Here in this rant paragraph I note that I'm not overtly fan of pulling random images from the web even if not quite as bad as using curl-sudo ”install method”. Containers are at least sandboxed, but coming from Linux distribution background perspective I somewhat dislike all software vendors acting as OS image providers. I will need to learn more about the aspects of where the images come from, what is the trust model, and what happens if eg Official Nginx (tm) image or Official Certbot (tm) image or Docker Hub gets compromised. I do mostly trust Debian, SUSE, Ubuntu etc infrastructure, so it will take some time until I construct my trust towards alternatives. One possible option could be of course to use my pre-trusted vendors via some alternative image registry, and do a bit more work with Ansible for example to utilize them instead of trusting Nginx or Certbot via Docker Hub.
My setup is looking like ending up like this, involving docker-compose, nginx as a proxy, several web host containers, and a Certbot container that is used to renew certificates via a cronjob:
But before I ended up with that I said hello to Search Engine. One result showed the general idea of sharing directories. Another reminded how to serve acme-challenge in nginx since I’ve been mainly Apache user. There were several guides about Apache and Let’s encrypt too, without proxy. I probably read this when figuring out the actual nginx proxy setup. At some point I needed to check that nginx is ”nginx” while certbot is ”certbot/certbot”. I was happy to find certbot command line option ideas although I learned the hard way to use --dry-run
as well especially in the case of forgetting restart
option in docker-compose.yml. I did not need any kind of bootstrap phase since I already had existing Let’s Encrypt certificates.
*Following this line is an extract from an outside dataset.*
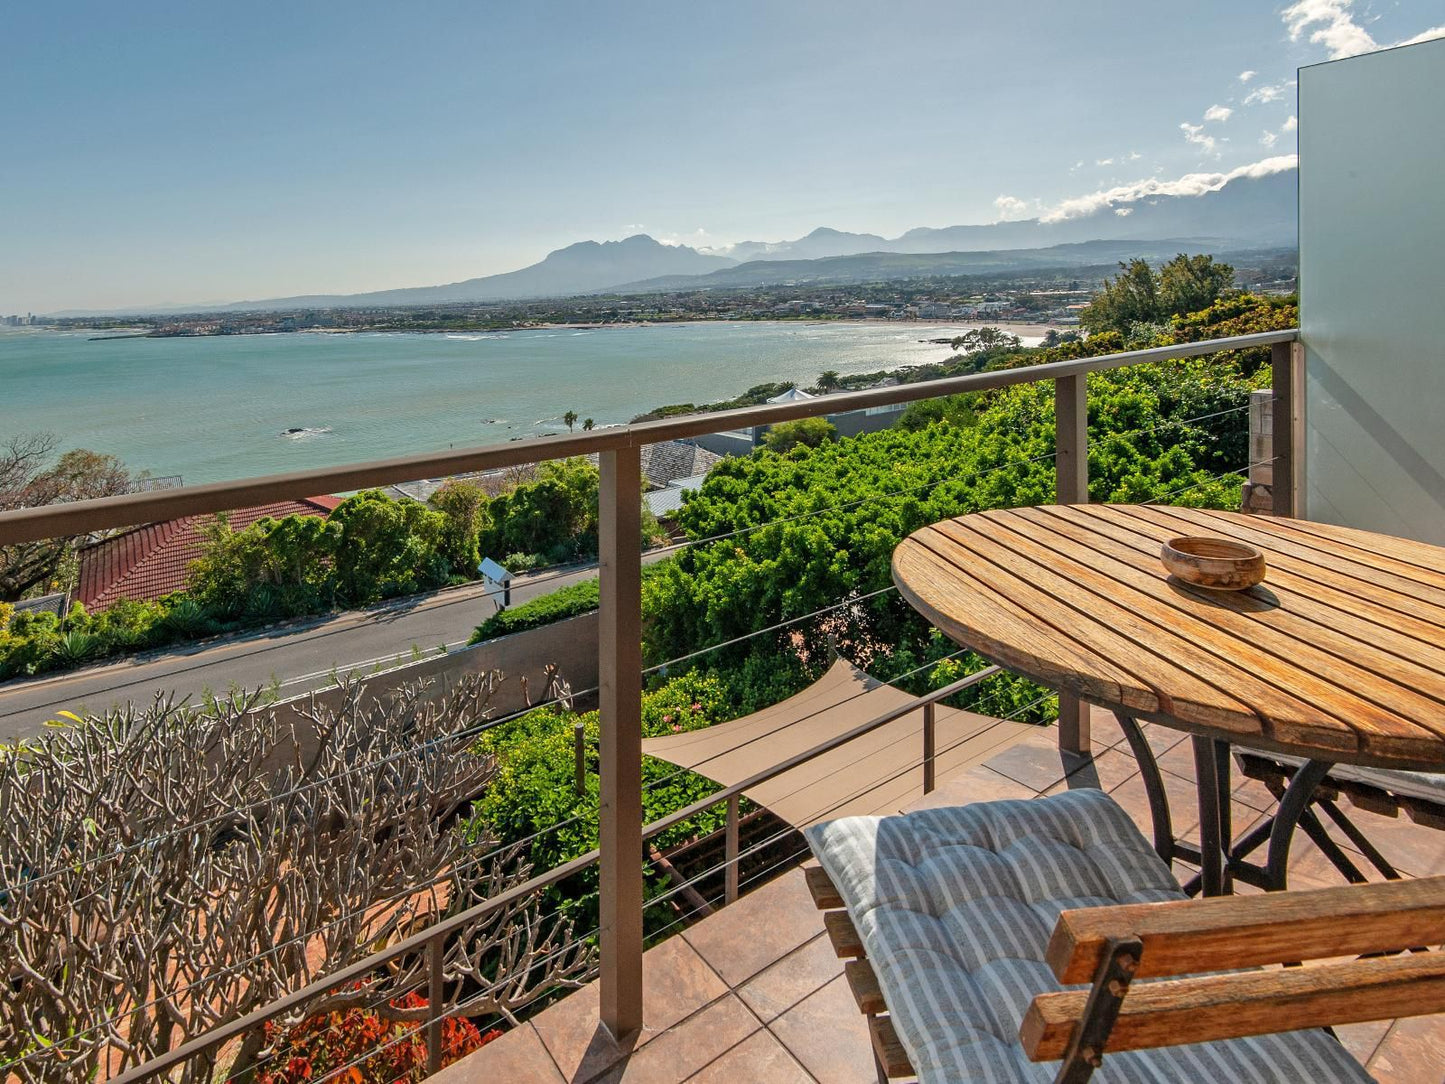 18 On Kloof Guest House Gordons Bay Western Cape South Africa Balcony, Architecture, Beach, Nature, Sand
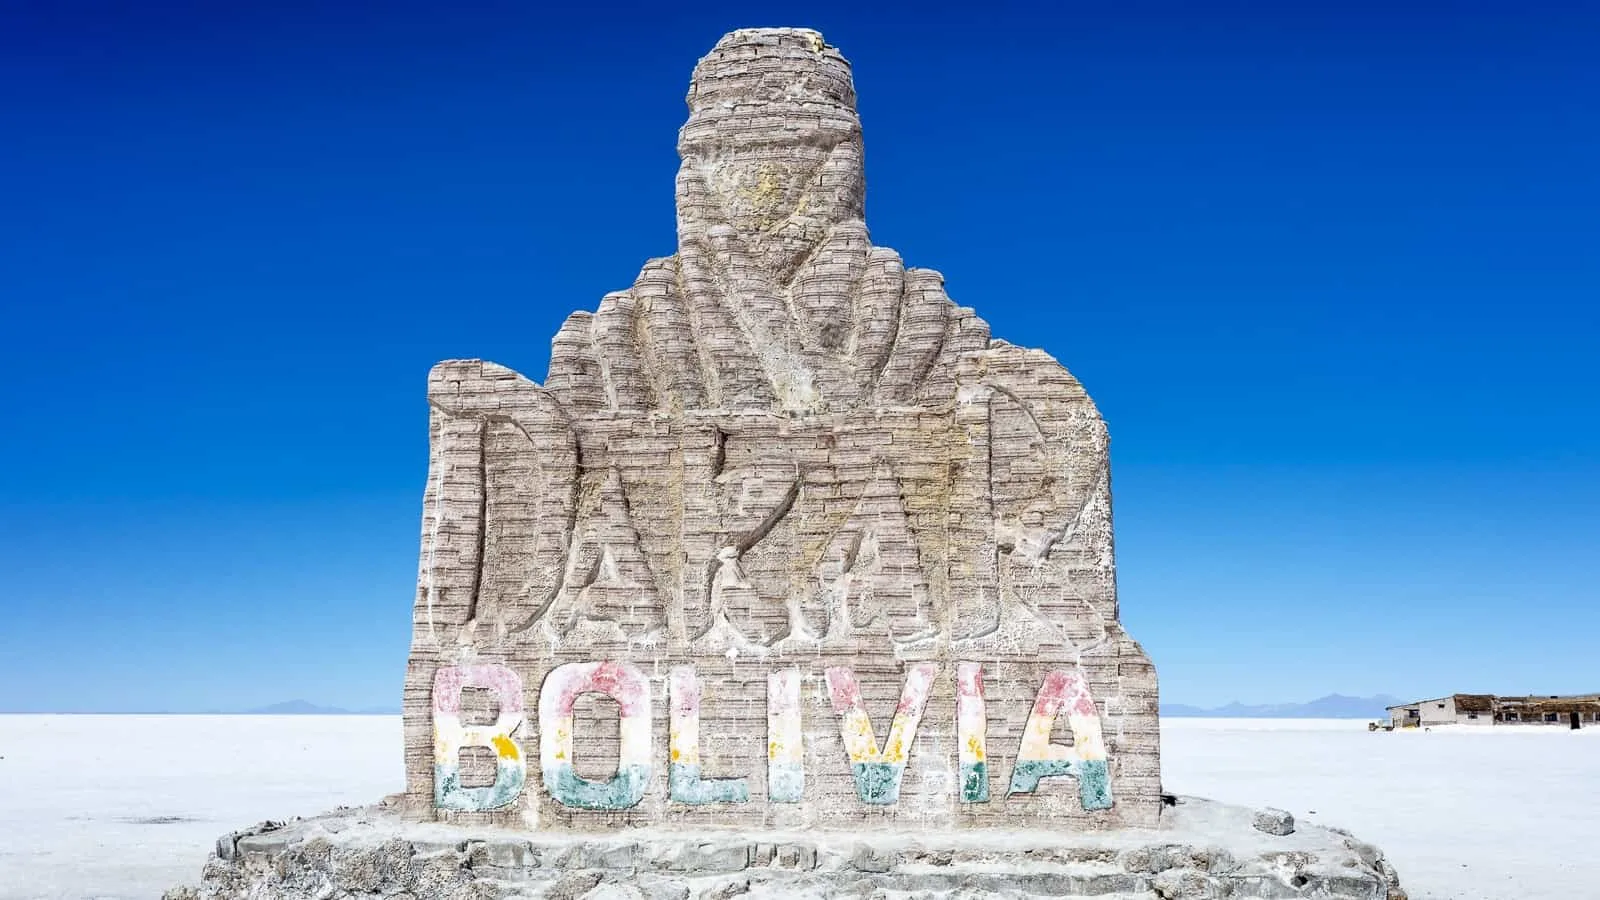 Use our Bolivia travel guide to plan your overland adventure through this adventurous South American country. Travelling at your own pace is the best way to see Bolivia.

Finally, in practice what I have done so far is a proof that it works and can be used as drop in replacement for my on-host Apache. I have served all of the web sites from inside a container (pointed to the same content as the on-host), and Certbot container works to renew the certificate, replacing acme-tiny I have used before. Currently however the setup is not complete for simultaneous serving of all the 3 sites, cronjobs are not set up (or tested to be functional). I can’t have my on-host Apache and containerized Nginx proxy competing for ports 80 and 443 at the same time, so I can really enable the setup only when everything is fully complete. It’s nice however how easy switching between the two already is!
Finally², I can’t say it would be 100% complete even then! At some point in the past I have largely but not completely ”ansibled” my host when I sadly moved from a really old quad-core ARM server to x86_64 server. I like different architectures, but the ARM servers were decommissioned by Scaleway. Anyway, regarding Ansible this kind of containerization obviously increases ”Ansible debt” further by a fair amount, and that would be a different story to get that fully done…
But it has been some nice hacking!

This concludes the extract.